SUPPLIED INFORMATION below:
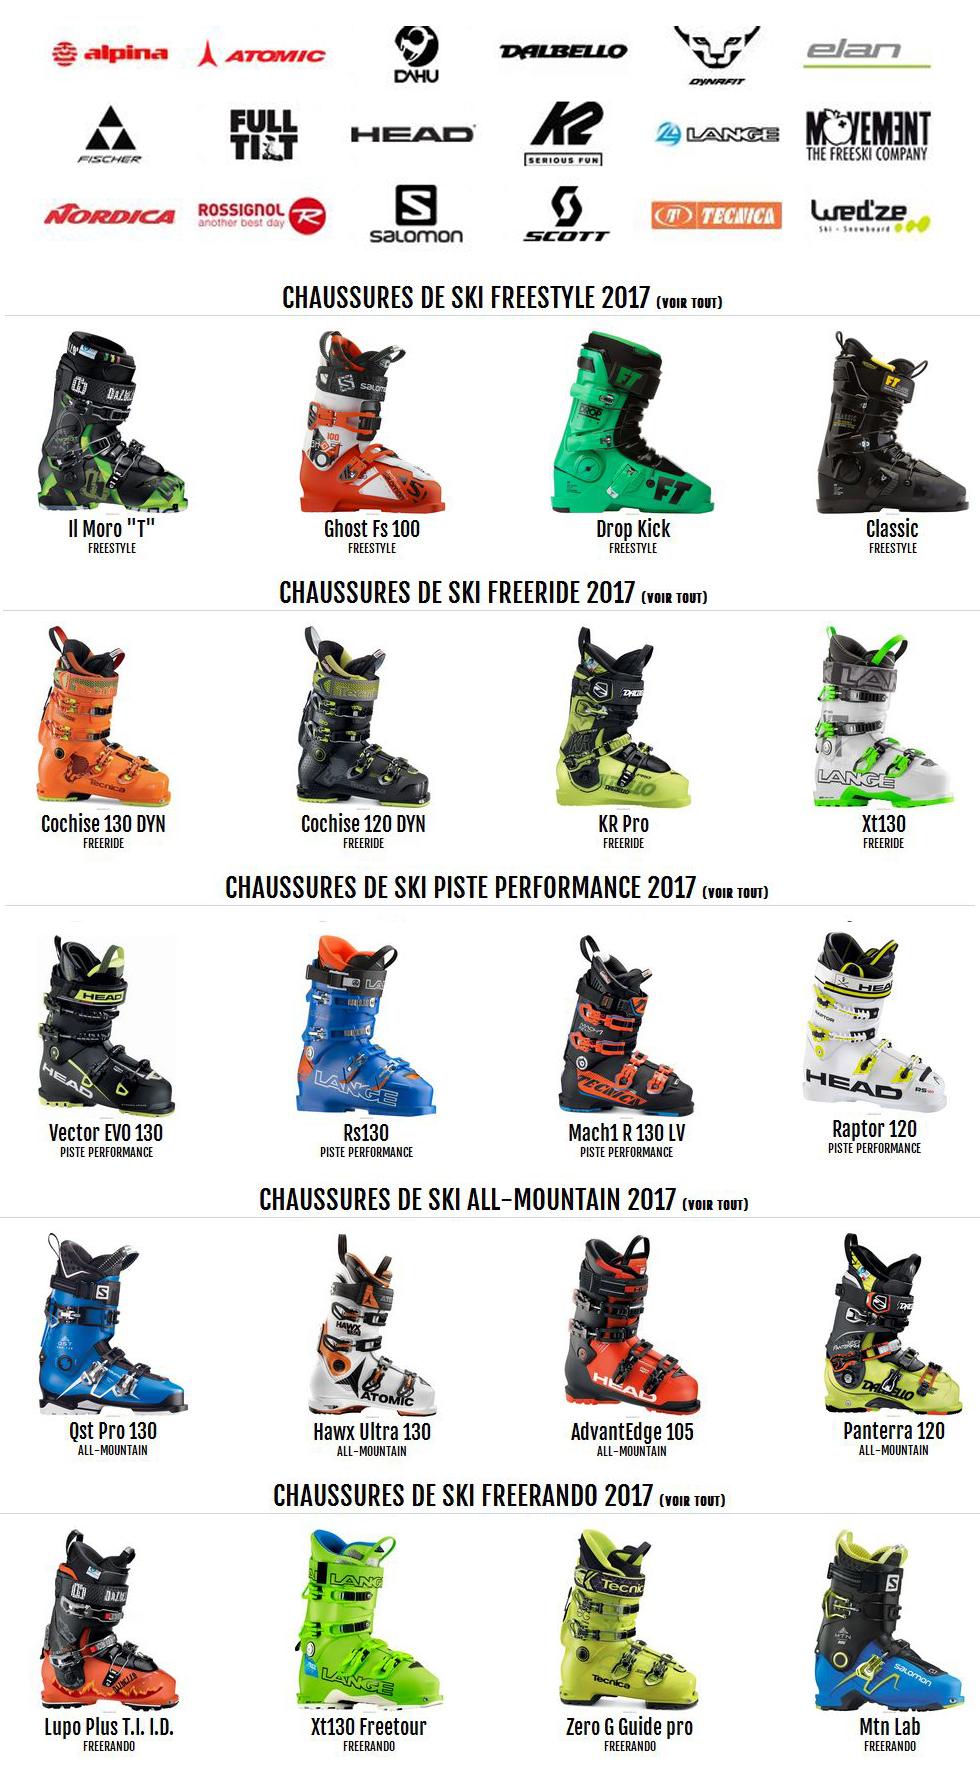 5a5368aca5b7 Toutes les marques, Tous les modeles, Tous les prix sur Skipass  http://www.skipass.com/guide-matos/chaussures-ski/
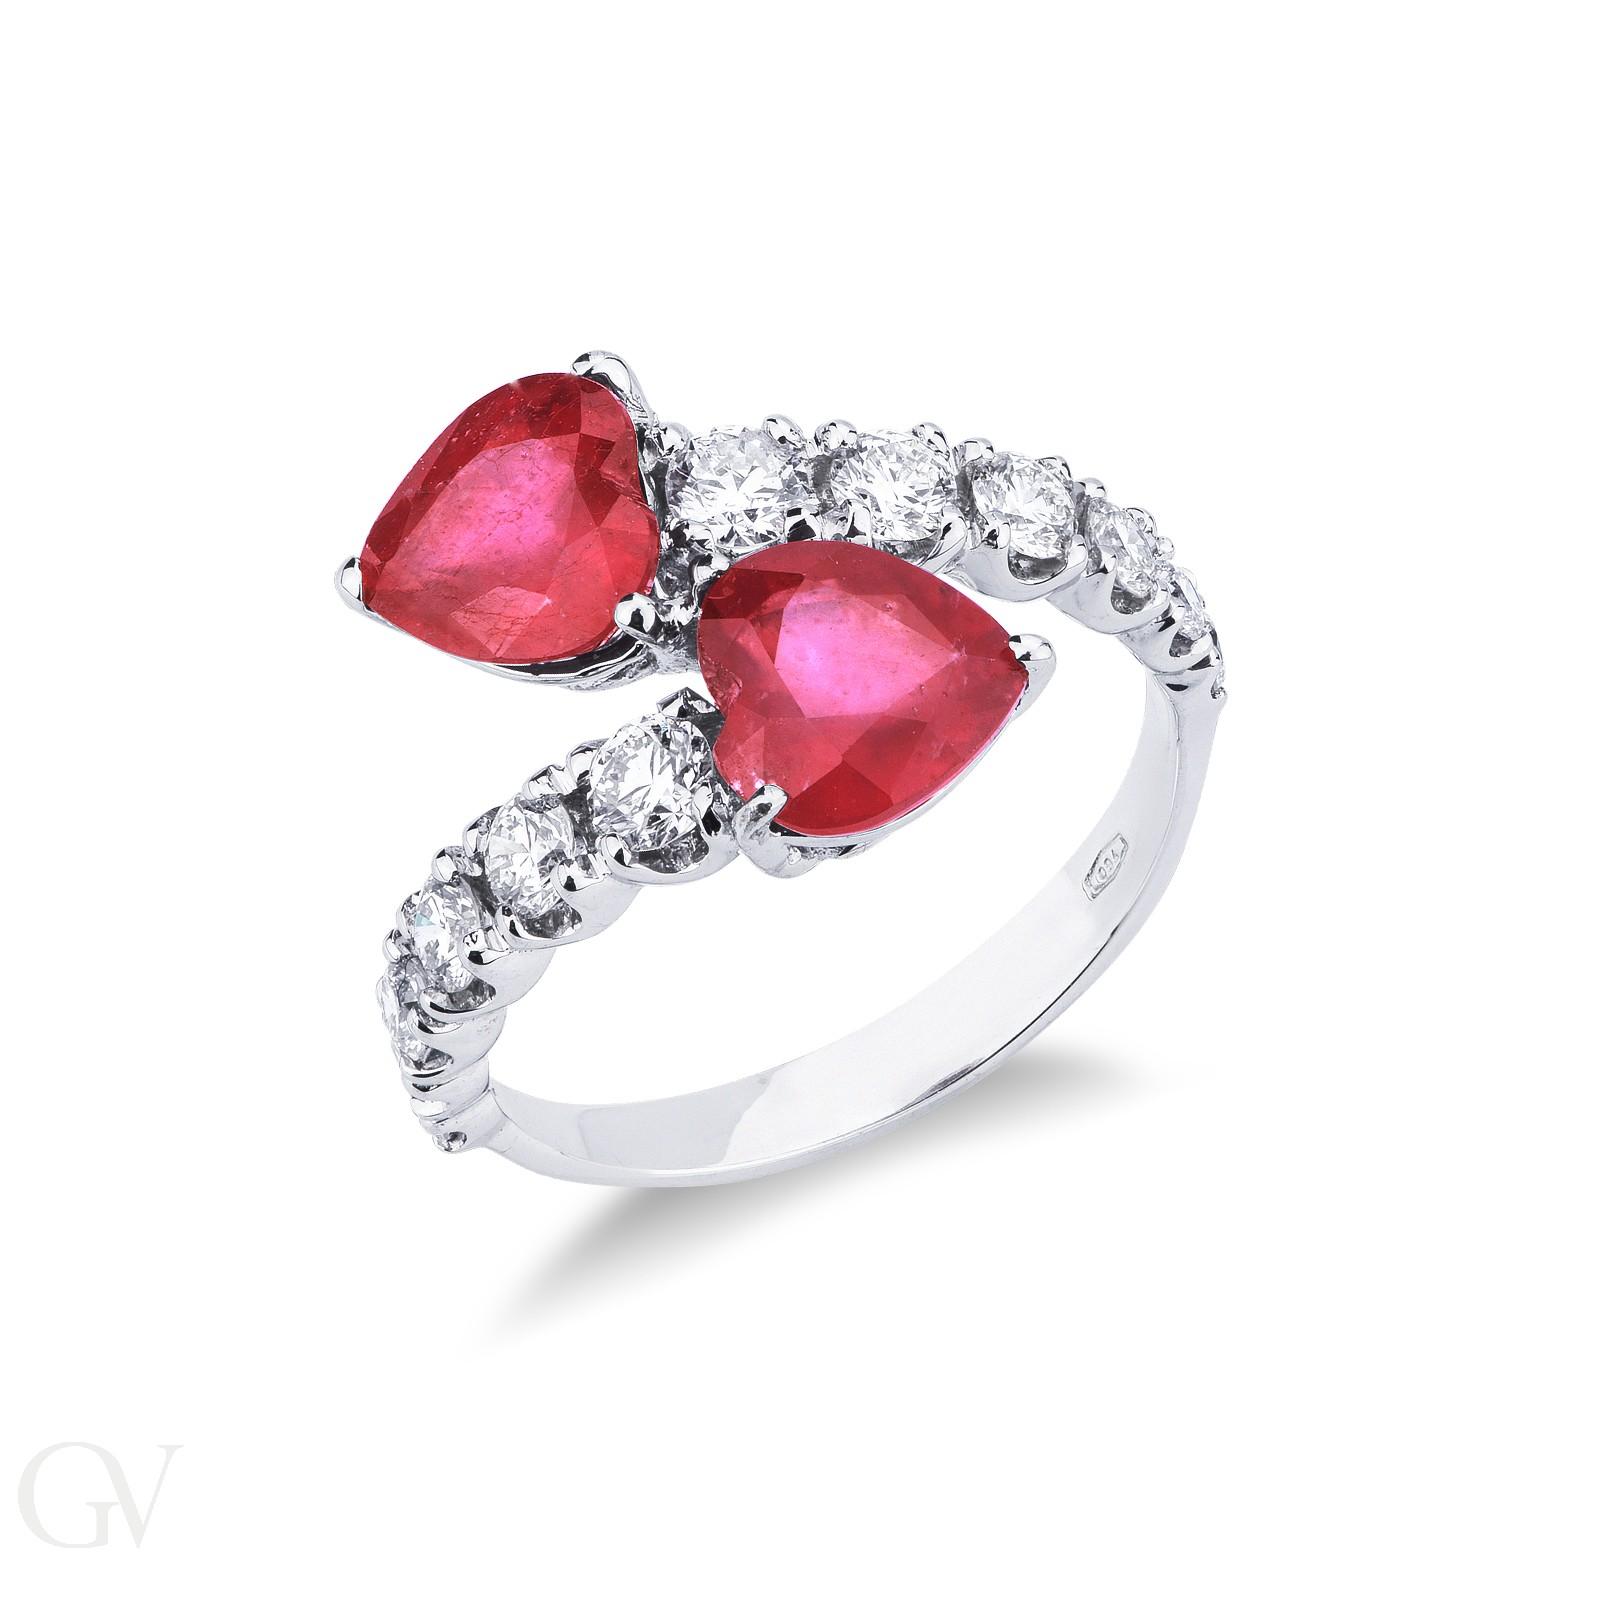 Anello contrarie\' con diamanti a scalare e 2 rubini cuore.
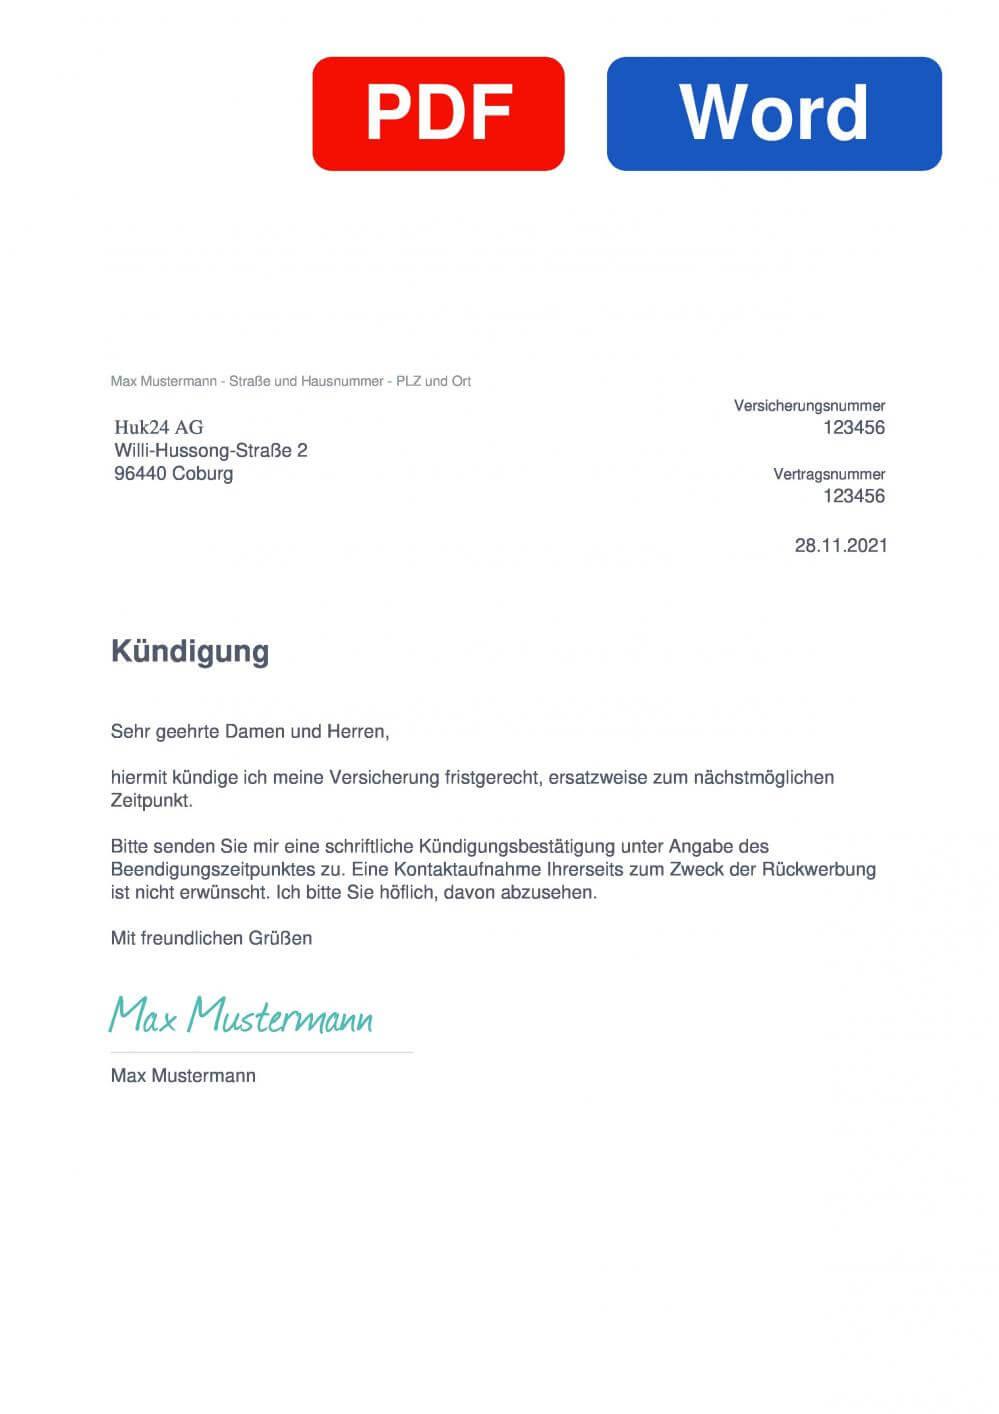 HUK24 Muster Vorlage für Kündigungsschreiben
End of SUPPLIED INFORMATION.
▶ **PROBLEM DETAILS**
All the lines above must be written out exactly, without a single picture.

▶ **SOLUTION TO THIS EXERCISE**
 5a5368aca5b7 Toutes les marques, Tous les modeles, Tous les prix sur Skipass  http://www.skipass.com/guide-matos/chaussures-ski/
 Anello contrarie\' con diamanti a scalare e 2 rubini cuore.
 HUK24 Muster Vorlage für Kündigungsschreiben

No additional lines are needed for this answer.